Хануман дал мне сигарету, сказал, что я мог звать его Ханни, спросил, как проще было бы меня звать, я сказал, что, возможно, Юджин было бы проще, — он снова усмехнулся, сказал:

— Alrighty, Euge sounds cool to me. Let’s go I show you around, Eugene![34] — Он хлопнул меня по спине, огонек моей сигареты очертил дугу, и мы вошли в мотель.

Послушного как сомнамбула, он вел меня коридорами, шел индус легко, беззаботно, размахивая руками и пританцевывая; пока мы шли, он посмеялся над каждой фигулиной, что подворачивалась ему под руку, он щелкнул по носу гномика, болтавшегося на нитке у какой-то двери, стукнул по медному звоночку на барной стойке, сказал о себе в третьем лице:

— Hanuman is fucking bored and tired, me![35] — Схватил пластмассовую коробку с красным крестом и, потешно кривляясь, воскликнул: — А сюда прошу кидайте вашу мелочь! Деньги пойдут на беженцев!!! Хэх, Юдж, если б ты знал, сколько лицемерия я тут насмотрелся за три месяца!

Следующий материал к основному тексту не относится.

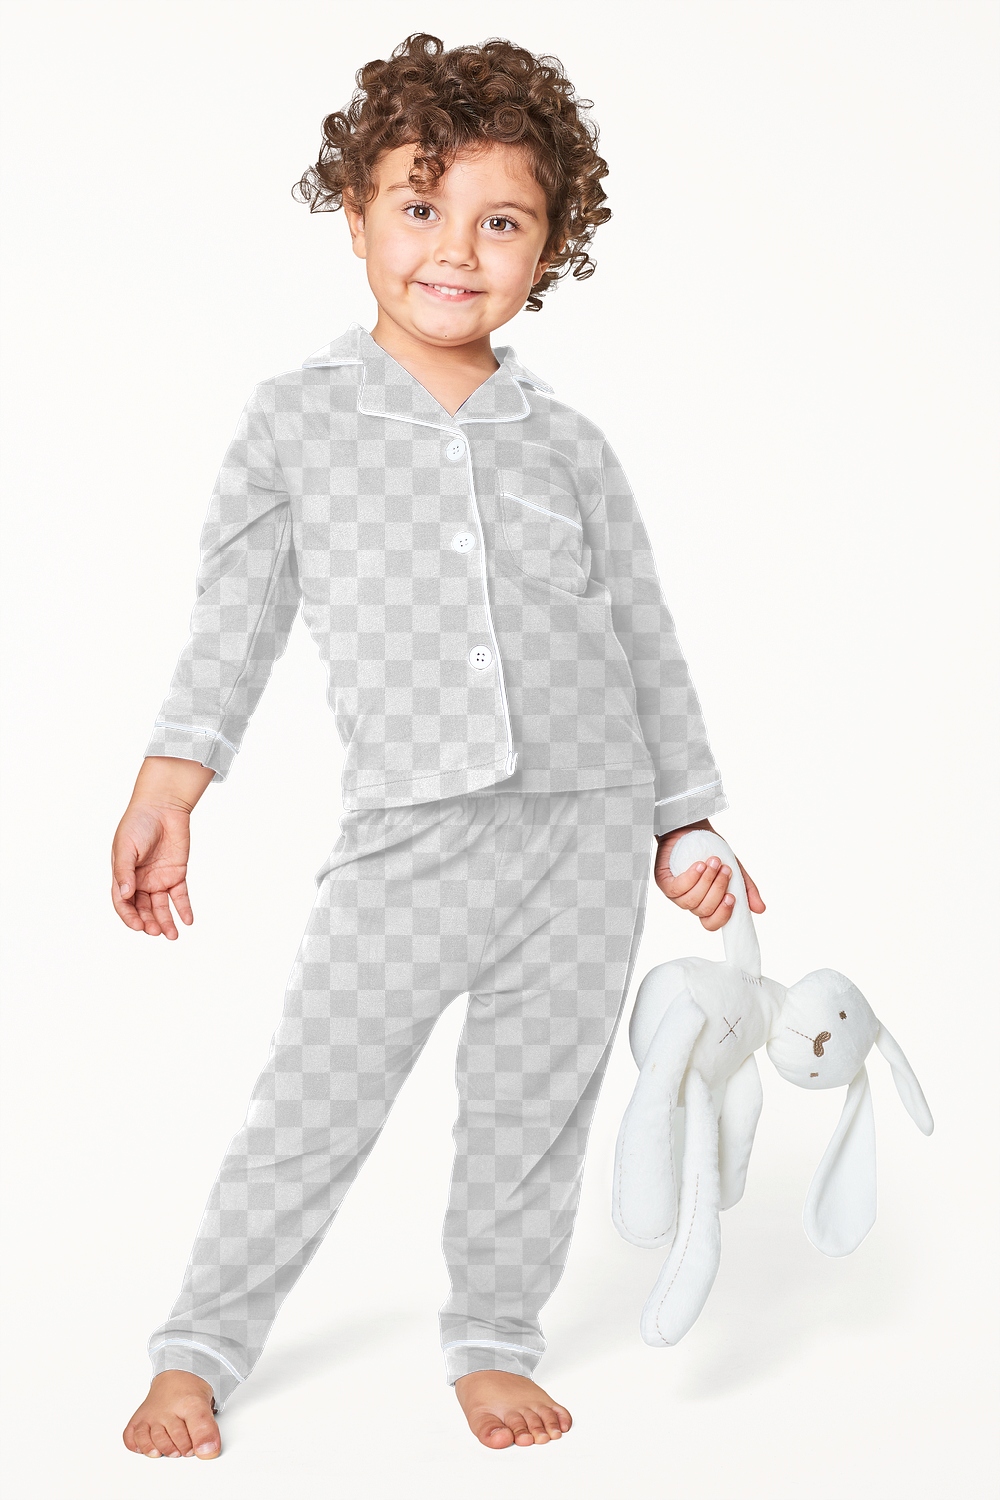 Kid's pajamas mockup png in studio | Premium PNG - rawpixel

С первой же минуты он говорил со мной так, словно знал меня вечность. Эта развязная американская манера меня очаровала. Несколько раз он погрозил мне пальцем и сказал, что я — конченый человек.

— Юдж, ты — конченый ублюдок! Ты этого еще не понимаешь, но я должен сразу тебя предупредить, потому что ты мне чертовски нравишься и мне тебя немного жаль! Ты попал в клоповник, и все, что от тебя теперь требуется, это работать не покладая рук, кормить клопов и дышать пылью!..

Я был сильно смущен этой эскападой; выкатил на него глаза, открыл рот; он не дал мне слова сказать.

— Да, черт возьми, потому что здесь все пропиталось пылью! — Хануман шлепнул чучело какого-то животного, выбил из него облачко пыли. — Вот видишь, мэн! Я ж тебе говорил! Пыль и сон! Мертвый сон! Готовься к спячке! Ты будешь работать, как рурский робот, и спать, работа и сон — это все, что от тебя требуется в этом заведении! Хэх! — Пнул дверь и сказал: — Тут нечто вроде туалета. — Повел дальше. — Тут вроде как кухня, — ткнул fuck’овым пальцем в коридор. А там подвал, — плюнул в темноту. — Здесь живет придурок-кок… За этой дверью турки, но они так запуганы, что даже пожирают свои испражнения, чтоб не выходить в туалет! Там выход во двор, где ржавеют старые машины… Их чинит серб, годами, годами… А тут чулан, — подмигнул, в котором хранятся контрабандные напитки. Я как раз собирался умыкнуть бутылочку, чтобы распить с тобой за знакомство. Мы ведь будем жить в одной комнатке! Ты не знал? Хэхахо! Ему ничего еще не объяснили! Ну ты, надеюсь, не против? Потому что если ты будешь жить со мной в одной комнатке, то нос в табаке будет каждый вечер!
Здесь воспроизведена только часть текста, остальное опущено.